The remainder of this paper is organized as follows. Section 2 presents a brief review of RBF, MFS, and the proposed MMFS. In Section 3, three benchmark test functions are used to validate the performance of the MMFS model, and the results and data analysis are presented. An engineering case is discussed to demonstrate that MMFS can be applied to real-world problems. Finally, the conclusions and future work are presented in Section 4.

2 MMFS Model

2.1 RBF Method

The RBF is a well-known surrogate model based on dataset interpolation, and it can solve multidimensional and nonlinear problems [40,41,42,43]. A key assumption is that the RBF uses linear combinations of radially symmetric functions based on the Euclidean distance to approximate the response functions. The RBF model is built from a set of n input vectors, \({\varvec{X}}={\left[{{\varvec{x}}}_{1},\boldsymbol{ }\boldsymbol{ }{{\varvec{x}}}_{2}, \cdots ,\boldsymbol{ }{{\varvec{x}}}_{n}\right]}^{\mathrm{T}}\)(\({\varvec{X}}\in {\mathbb{R}}^{n\times d}\)), yielding a vector of corresponding scalar responses \({\varvec{Y}}={\left[{y}_{1}, {y}_{2}, \cdots , {y}_{n}\right]}^{\mathrm{T}}\)(\({\varvec{Y}}\in {\mathbb{R}}^{n\times 1}\)), where \(n\) is the number of inputs, and the dimension of the input space is denoted \(d\), which is identical to the number of variables. The RBF predictor can be formulated as follows:

$$\widehat{y}\left({\varvec{x}}\right)=\sum_{i=1}^{n}\mathrm{\varphi }\left(\Vert {\varvec{x}}-{{\varvec{x}}}_{i}\Vert \right)\cdot {\lambda }_{i},$$
(1)

where \(\widehat{y}\left({\varvec{x}}\right)\) is the prediction of an evaluation point \({\varvec{x}}\), \(\mathrm{\varphi }\left(\Vert {\varvec{x}}-{{\varvec{x}}}_{i}\Vert \right)\) is the basis function representing the correlation between point \({\varvec{x}}\) and the \(i\)th sample point \({{\varvec{x}}}_{i}\) (\(i=1, 2, \cdots , n\)), \({\varvec{\lambda}}={[{\lambda }_{1},{\lambda }_{2},\dots ,{\lambda }_{n}]}^{\mathrm{T}}\) are the coefficients of the linear combinations. In this paper, the sample points \({\varvec{x}}\) are defined as the centers of the basic functions, and commonly used basis functions \(\varphi \left(\Vert {\varvec{x}}-{{\varvec{x}}}_{i}\Vert \right)\) are listed in Table 1.
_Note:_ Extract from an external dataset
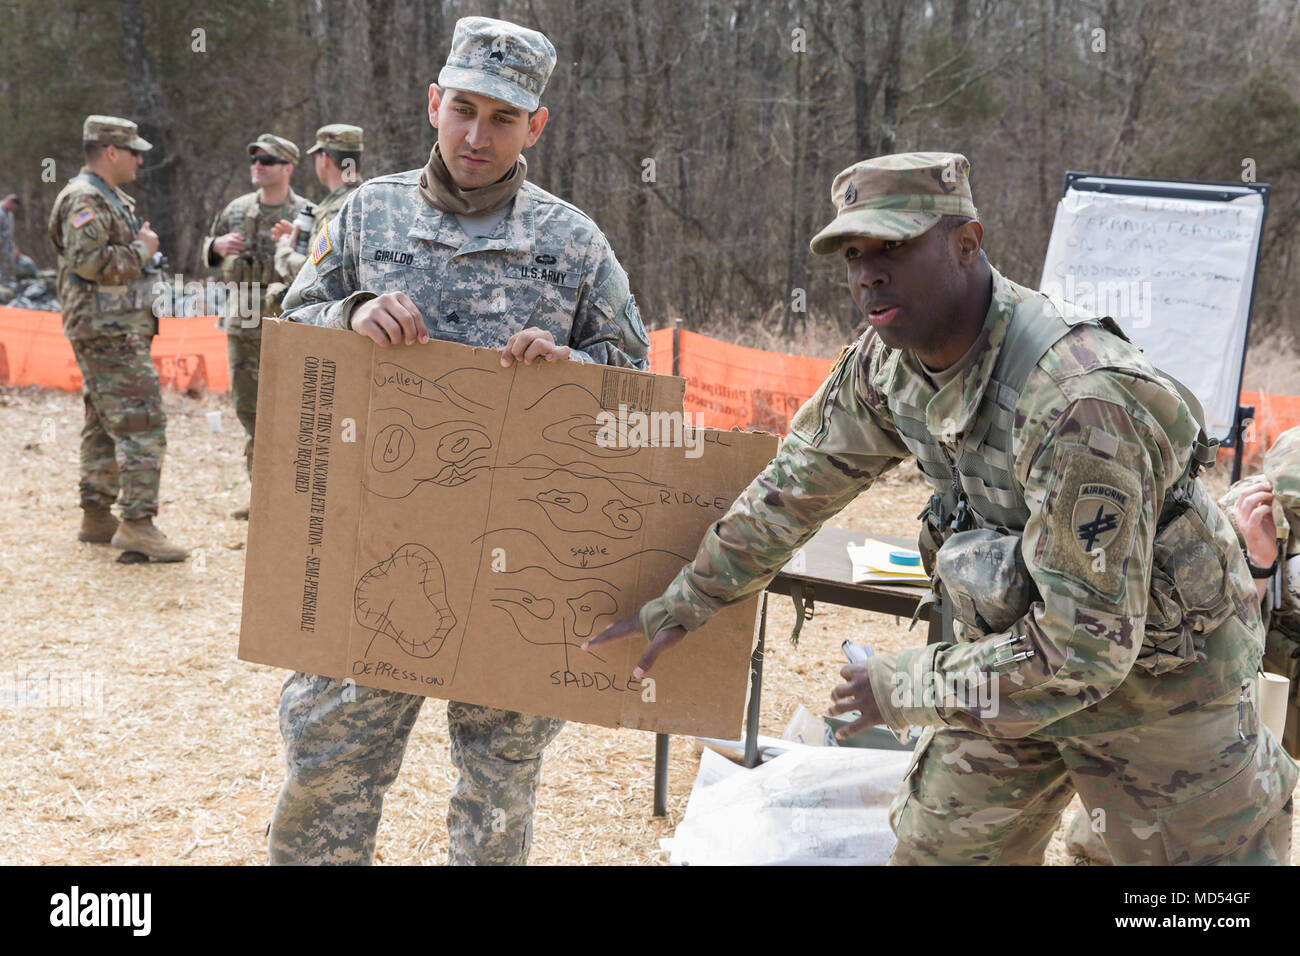 U.S. Army Reserve Staff Sgt. Levon T. Wilson, with the 437th Civil Affairs Battalion, 364th Civil Affairs Brigade, Ft. Story, Virginia, instructs a class on land navigation during the Combat Support Training Exercise (CSTX) at Fort Knox, Kentucky, March 18, 2018. CSTX 78-18-03 is a Combat Support Training Exercise that ensures America's Army Reserve units and Soldiers are trained and ready to deploy on short-notice and bring capable, combat-ready, and lethal firepower in support of the Army and our joint partners anywhere in the world. (U.S. Army photo by Spc. Jesse Coggins) Stock Photo

Table 1 Basis functions of RBF

In Table 1, \(r=\Vert {\varvec{x}}-{{\varvec{x}}}_{i}\Vert =\sqrt{\sum_{j=1}^{d}{\left({x}^{j}-{x}_{i}^{j}\right)}^{2}}\) is the Euclidean norm of points \({\varvec{x}}\) and \({{\varvec{x}}}_{i}\).

The shape parameter, \(\upsigma\), of the basis function requires additional optimization to be determined. This is discussed in detail in Section 2.3.

The unknown parameter, \({\varvec{\lambda}}\), can be obtained by substituting the sample points into Eq. (1). Thus, it can be ensured that the predictions of the sample points are equal to the true responses.

$$\left[\begin{array}{c}\begin{array}{c}y\left({{\varvec{x}}}_{1}\right)\\ y\left({{\varvec{x}}}_{2}\right)\\ \vdots \end{array}\\ y\left({{\varvec{x}}}_{n}\right)\end{array}\right]=\left[\begin{array}{cccc}\varphi \left(\Vert {{\varvec{x}}}_{1}-{{\varvec{x}}}_{1}\Vert \right)& \varphi \left(\Vert {{\varvec{x}}}_{1}-{{\varvec{x}}}_{2}\Vert \right)& \dots & \varphi \left(\Vert {{\varvec{x}}}_{1}-{{\varvec{x}}}_{n}\Vert \right)\\ \varphi \left(\Vert {{\varvec{x}}}_{2}-{{\varvec{x}}}_{1}\Vert \right)& \varphi \left(\Vert {{\varvec{x}}}_{2}-{{\varvec{x}}}_{2}\Vert \right)& \dots & \varphi \left(\Vert {{\varvec{x}}}_{2}-{{\varvec{x}}}_{n}\Vert \right)\\ \vdots & \vdots & \ddots & \vdots \\ \varphi \left(\Vert {{\varvec{x}}}_{n}-{{\varvec{x}}}_{1}\Vert \right)& \varphi \left(\Vert {{\varvec{x}}}_{n}-{{\varvec{x}}}_{2}\Vert \right)& \dots & \varphi \left(\Vert {{\varvec{x}}}_{n}-{{\varvec{x}}}_{n}\Vert \right)\end{array}\right]\cdot \left[\begin{array}{c}{\lambda }_{1}\\ {\lambda }_{2}\\ \vdots \\ {\lambda }_{n}\end{array}\right].$$
(2)

A matrix form of Eq. (2) can be expressed as \({\varvec{Y}}={\varvec{\phi}}\cdot{\varvec{\lambda}}\), where \({\varvec{\phi}}\) is an \(n\times n\) matrix of the correlations between sample points, and Y is the sample response.

2.2 MFS Model

Generally, a multifidelity model is constructed by tuning a low-fidelity model with a few high-fidelity sample points. A correction function was employed as a bridge connecting the two levels of the models. The three common correction function frameworks include addition, multiplication, and comprehensive corrections.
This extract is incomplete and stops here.